1921’de açılan yarışma böylece geç de olsa tamamlanmış, üç yılı aşkın bir sürenin sonunda, arzu edilen Milli Marş tespit edilebilmişti. Ne var ki seçilen müziğin Milli Marş’a uygunluğu bir tartışma konusu olarak kalmıştı. Pek çok kişi Ali Rifat Bey’in bestesinin Batı müziği kalıplarına uymadığını düşünüyor, değiştirilmesi gerektiğini savunuyordu. Eleştirilerin dozunun giderek artması üzerine, sonunda 1930 yılında Milli Marş’ın değiştirilmesi gündeme geldi ve Cumhurbaşkanlığı Senfoni Orkestrası Şefi Zeki Üngör’ün bestesinin yeniden düzenlenmesiyle, halen kullanılmakta olan Milli Marş ortaya çıktı.

Tekfen Vakfı, araştırmacı-yazar Mehmet Altun ile Cumhuriyet’in 85. yılında tarihin tozlu sayfalarında unutulan bu 12 milli marş bestesini ilk kez bir araya getirdi. 1921 yılında, İstiklal Marşı için açılan beste yarışmasına katılan eserler, 24 Ekim tarihinde İstanbul’da Lütfi Kırdar Kongre ve Sergi Sarayı’nda düzenlenecek özel bir konserle seslendirilecek. Ayrıca Milli Marş’ın öyküsünü anlatan bir kitap ve konserin ardından stüdyoda gerçekleştirilecek CD kaydı ile Milli Marş hikâyesi ve notaları ölümsüzleştirilecek.
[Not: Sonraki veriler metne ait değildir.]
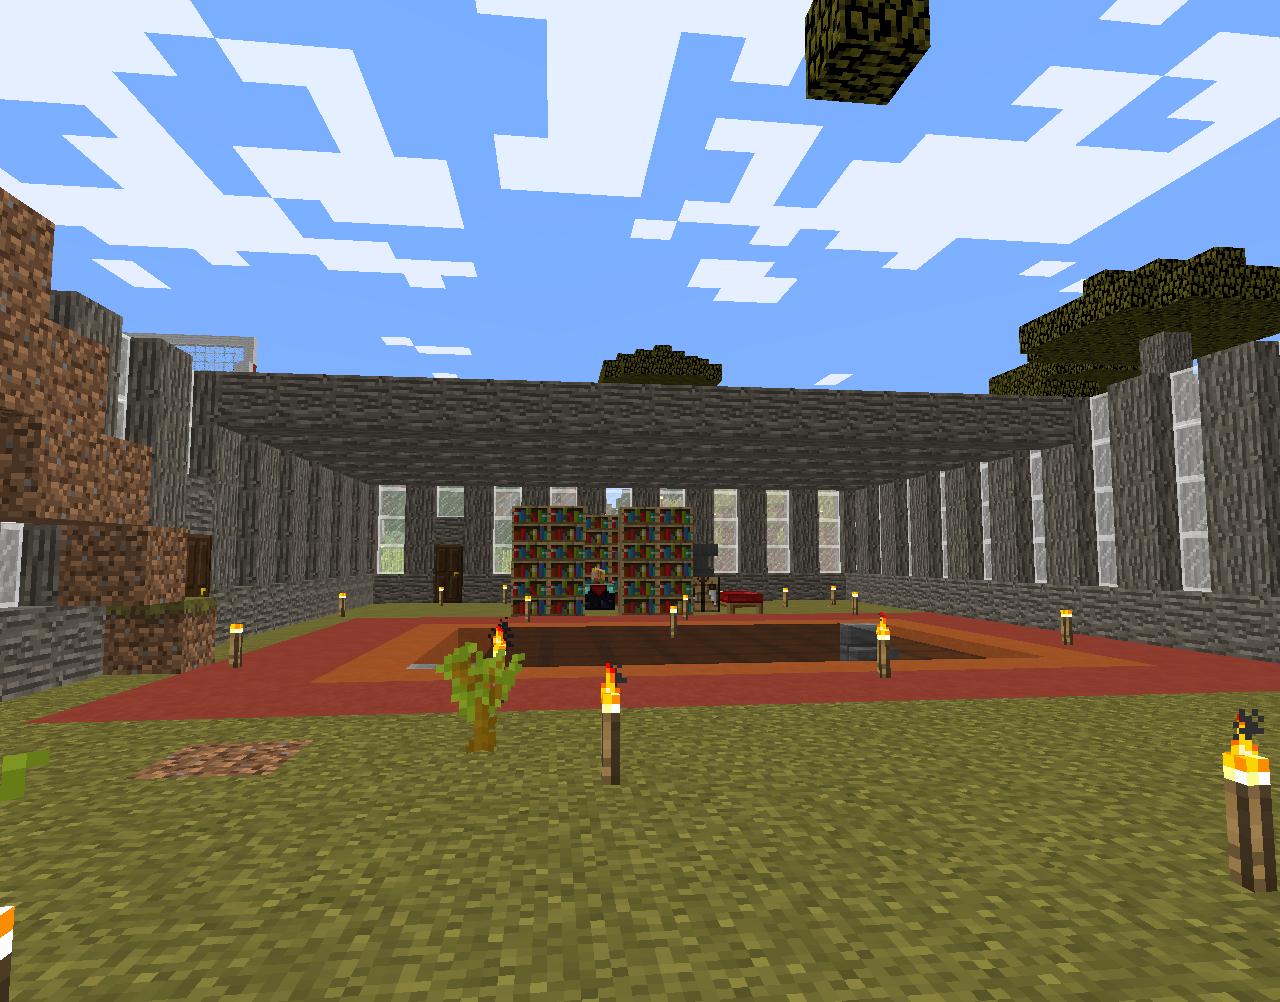 Building an acacia wood house #minecraft | Minecraft

Şef Saim Akçıl yönetimindeki Tekfen Filarmoni Orkestrası ile birlikte, TRT İstanbul Gençlik Korosu, Şenol Talınlı, Sumru Ağıryürüyen, Hüseyin Sermet, Ercan Irmak, Göksel Baktagir ve Yurdal Tokçan gibi usta isimler konserde sahneye çıkacak.

Kapanışı resmi İstiklal Marşı ile yapılacak gecede, o dönemin atmosferini seyirciye hissettirmek amacıyla eserler arası geçişlerde, tiyatro yönetmeni Yücel Erten’in sahneye koyduğu narasyon ve anekdotlara da yer verilecek. Bu sayede Milli Mücadele Dönemi’nin duyguları Arsen Gürzap ve Çetin Tekindor’un anlatımıyla yeniden yaşatılmış olacak.